Hitherto the Anglo-Saxon race has shown a decided preference for the laisser faire system, departing from it in particular cases with extreme reluctance. I think undoubtedly individualism, restricted merely by the protection of the elementary rights of others, has done much to develop energy and self-reliance in the race, but judged on the other hand by the social conditions of modern life which have developed under it, it has proved a sociological failure. The truth is that the world being a world of change, of development or degeneration, the benefit to be derived from any system must be limited in duration. Social conditions which are beneficial in one century may be highly prejudicial in the next, and the duties of the State continually expand with the growing necessities of a more complex social life.

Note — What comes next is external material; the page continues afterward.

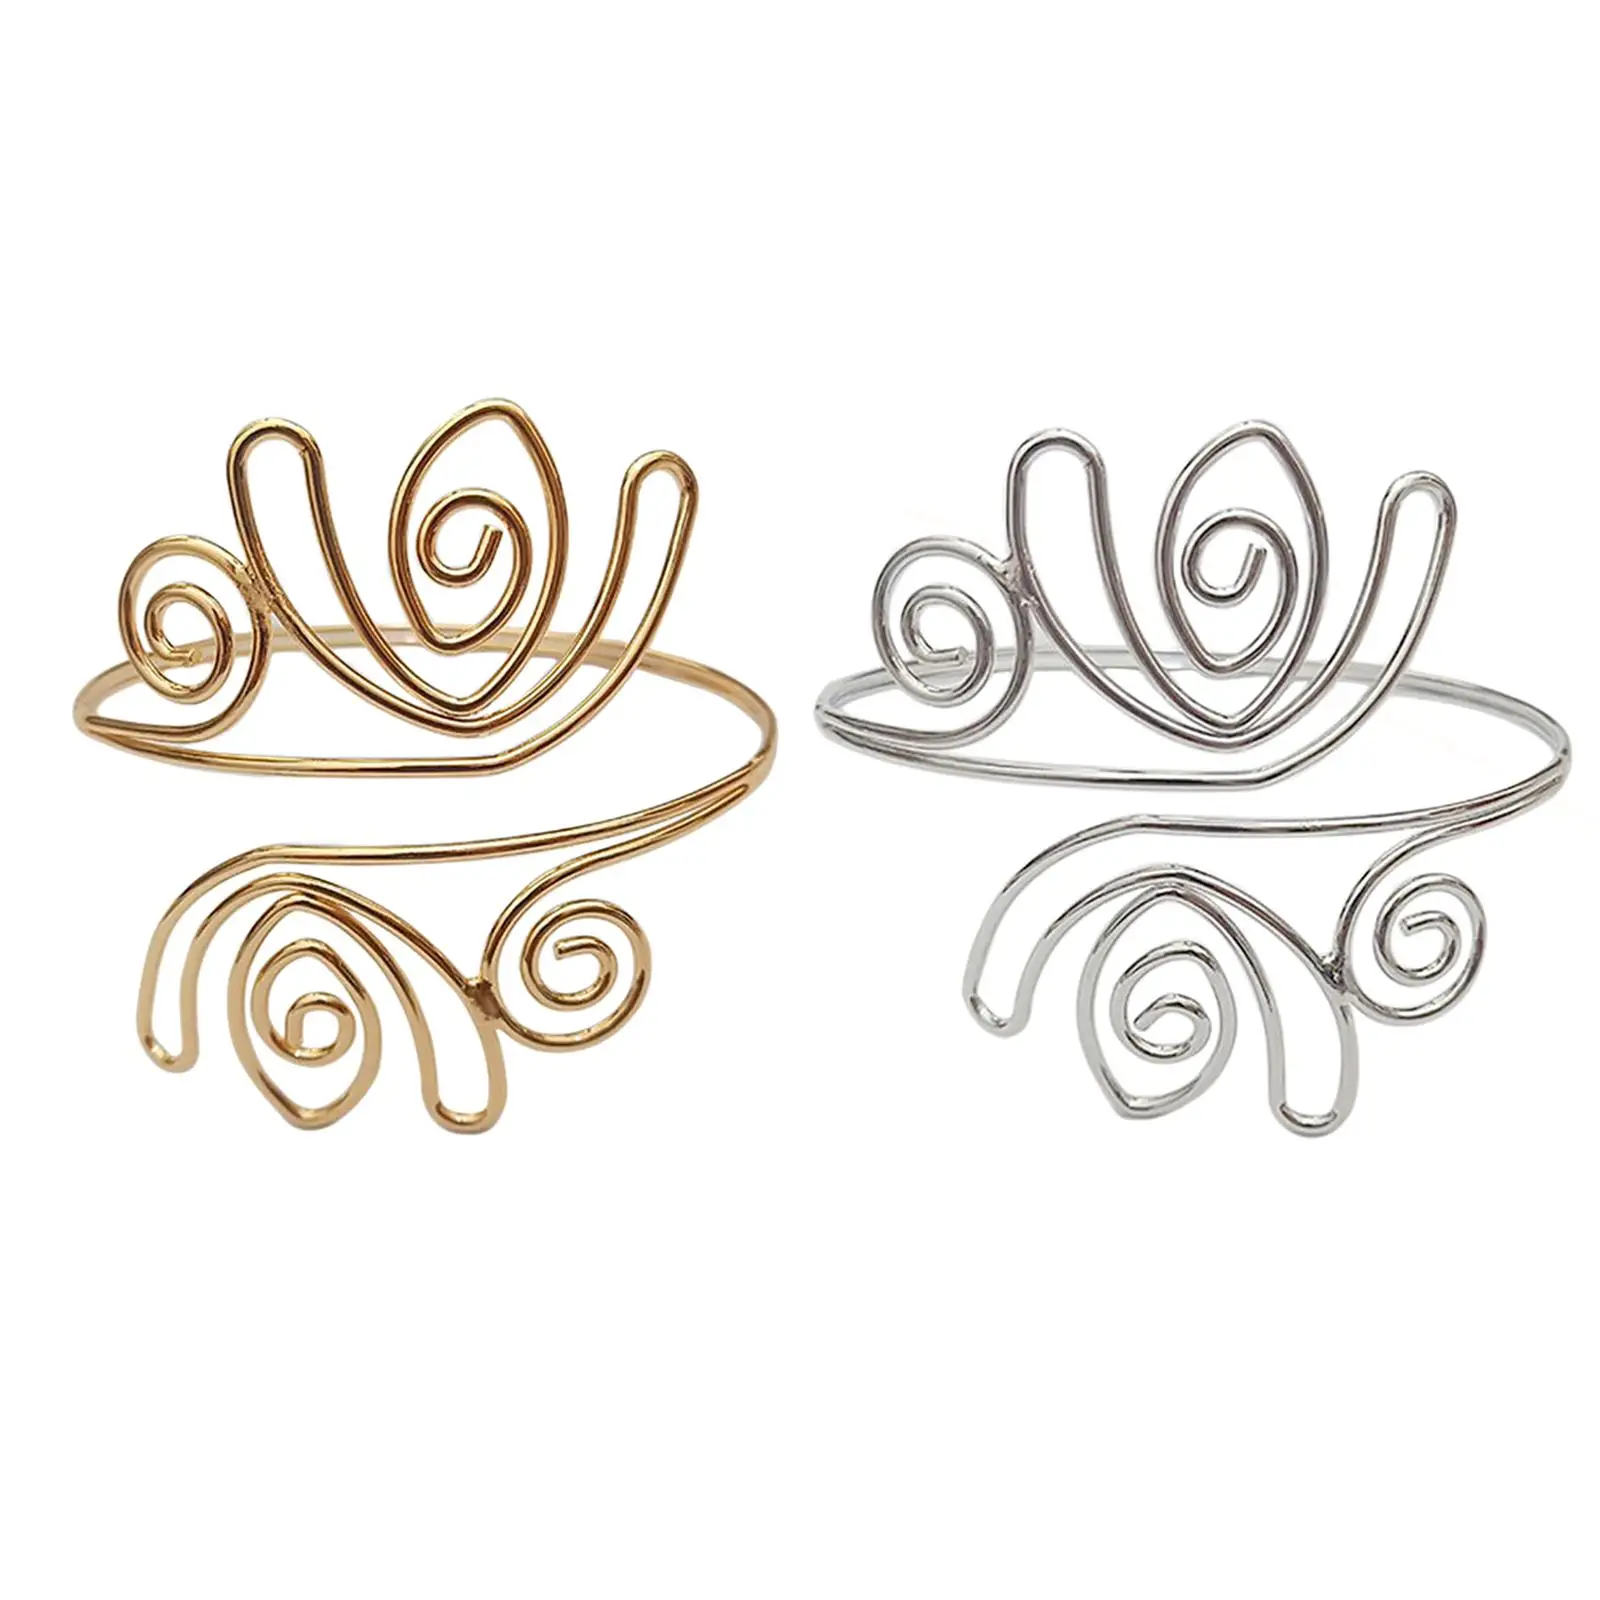 2 Pieces Swirl Upper Arm Cuff Bangle Jewelry Bracelet Armband Beach Jewelry

It does not therefore follow that because laisser faire was the best policy yesterday it must necessarily be the best policy to-day, and indeed it has been long since recognised, however unwillingly, that the functions of the state must be extended far beyond the original limits of police and national defence. But the recognition of increased obligation does not carry the matter very far, the vexed question remains: how is the obligation to be discharged? Obligations reluctantly accepted are seldom adequately fulfilled and the efforts of the State have hitherto been confined to dealing with symptoms of social disease and have made little attempt to discover and eliminate the causes which led to them.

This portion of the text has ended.